An important factor contributing to the growth of the GIS Data Collector market is the rising demand for geospatial information across different sectors such as agriculture, construction, and transportation. The integration of advanced technologies like IoT and AI with GIS systems enables the collection and analysis of real-time data, which is crucial for effective decision-making. The increasing awareness about the benefits of GIS technology and the growing need for efficient land management are also fuelling market growth.

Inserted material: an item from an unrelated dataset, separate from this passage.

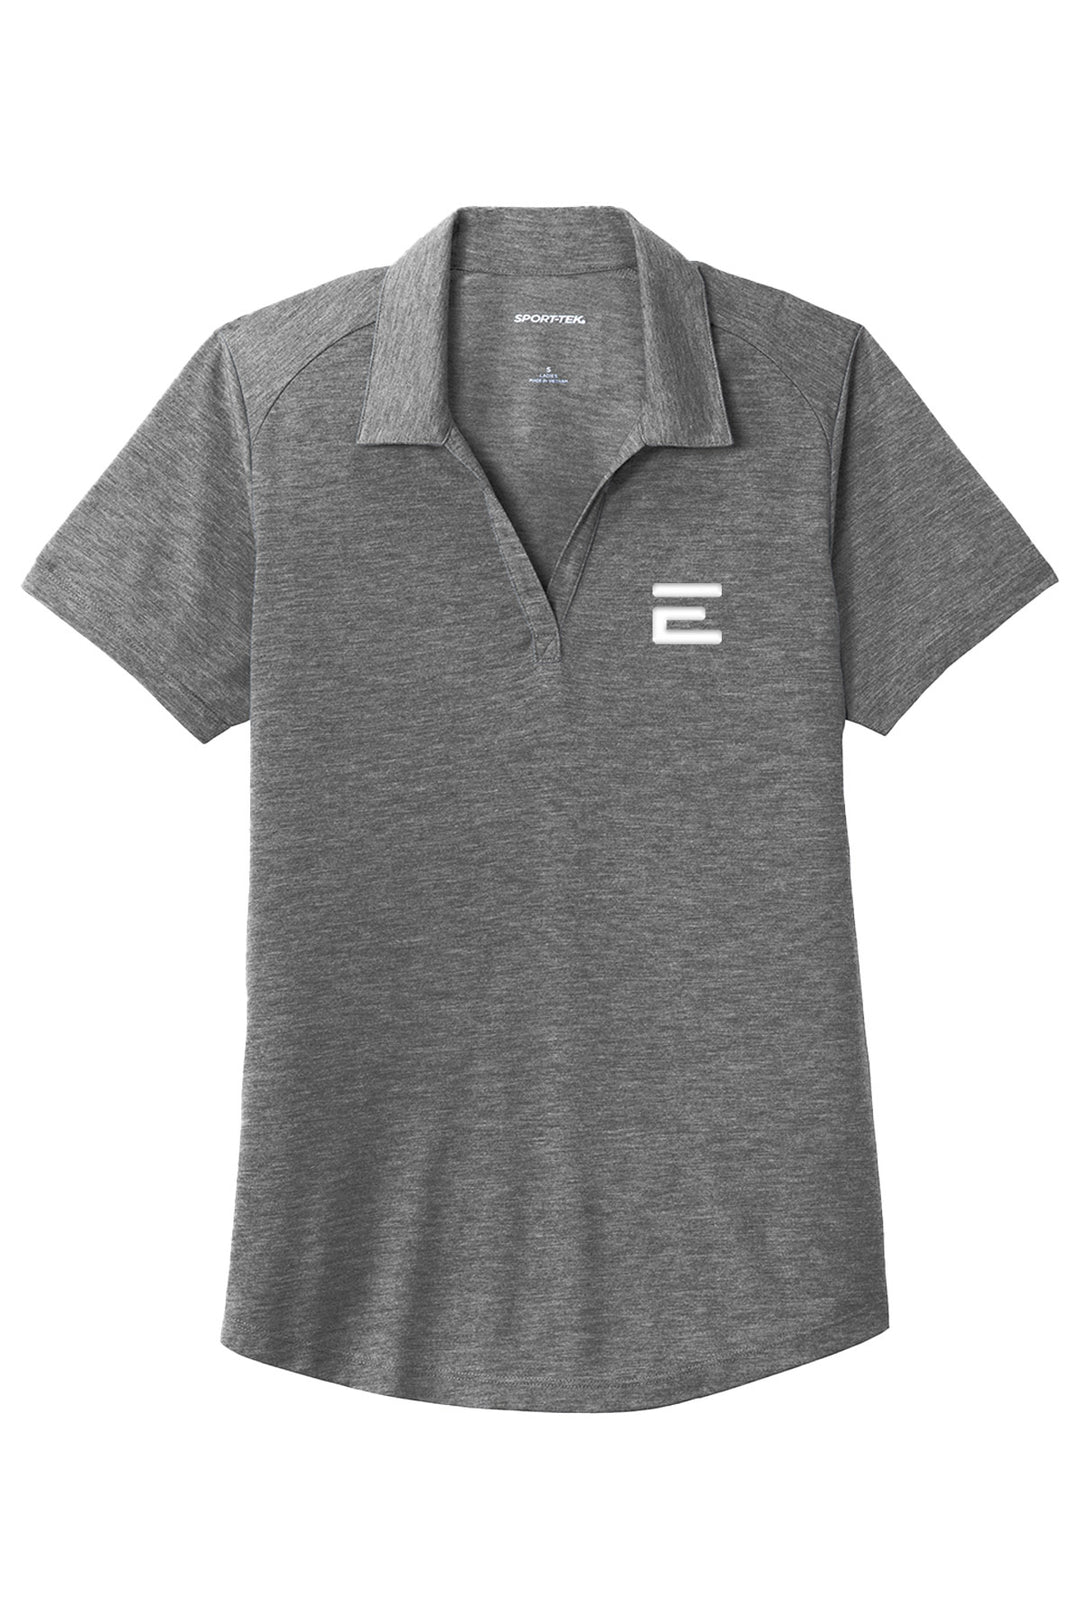 Ladies PosiCharge Tri-Blend Wicking Polo

The government sector plays a significant role in the expansion of the GIS Data Collector market. Governments worldwide are investing heavily in GIS technology for urban planning, disaster management, and environmental monitoring. These investments are driven by the need for accurate and timely spatial data to address critical issues such as climate change, urbanization, and resource management. Moreover, regulatory policies mandating the use of GIS technology for infrastructure development and environmental conservation are further propelling market growth.
Another major growth factor in the GIS Data Collector market is the continuous technological advancements in GIS software and hardware. The development of user-friendly and cost-effective GIS solutions has made it easier for organizations to adopt and integrate GIS technology into their operations. Additionally, the proliferation of mobile GIS applications has enabled field data collection in remote areas, thus expanding the scope of GIS technology. The advent of cloud computing has further revolutionized the GIS market by offering scalable and flexible solutions for spatial data management.
Regionally, North America holds the largest share of the GIS Data Collector market, driven by the presence of key market players, advanced technological infrastructure, and high adoption rates of GIS technology across various industries. However, the Asia Pacific region is expected to witness the highest growth rate during the forecast period, primarily due to rapid urbanization, government initiatives promoting GIS adoption, and increasing investments in smart city projects. Other regions such as Europe, Latin America, and the Middle East & Africa are also experiencing significant growth in the GIS Data Collector market, thanks to increasing awareness and adoption of GIS technology.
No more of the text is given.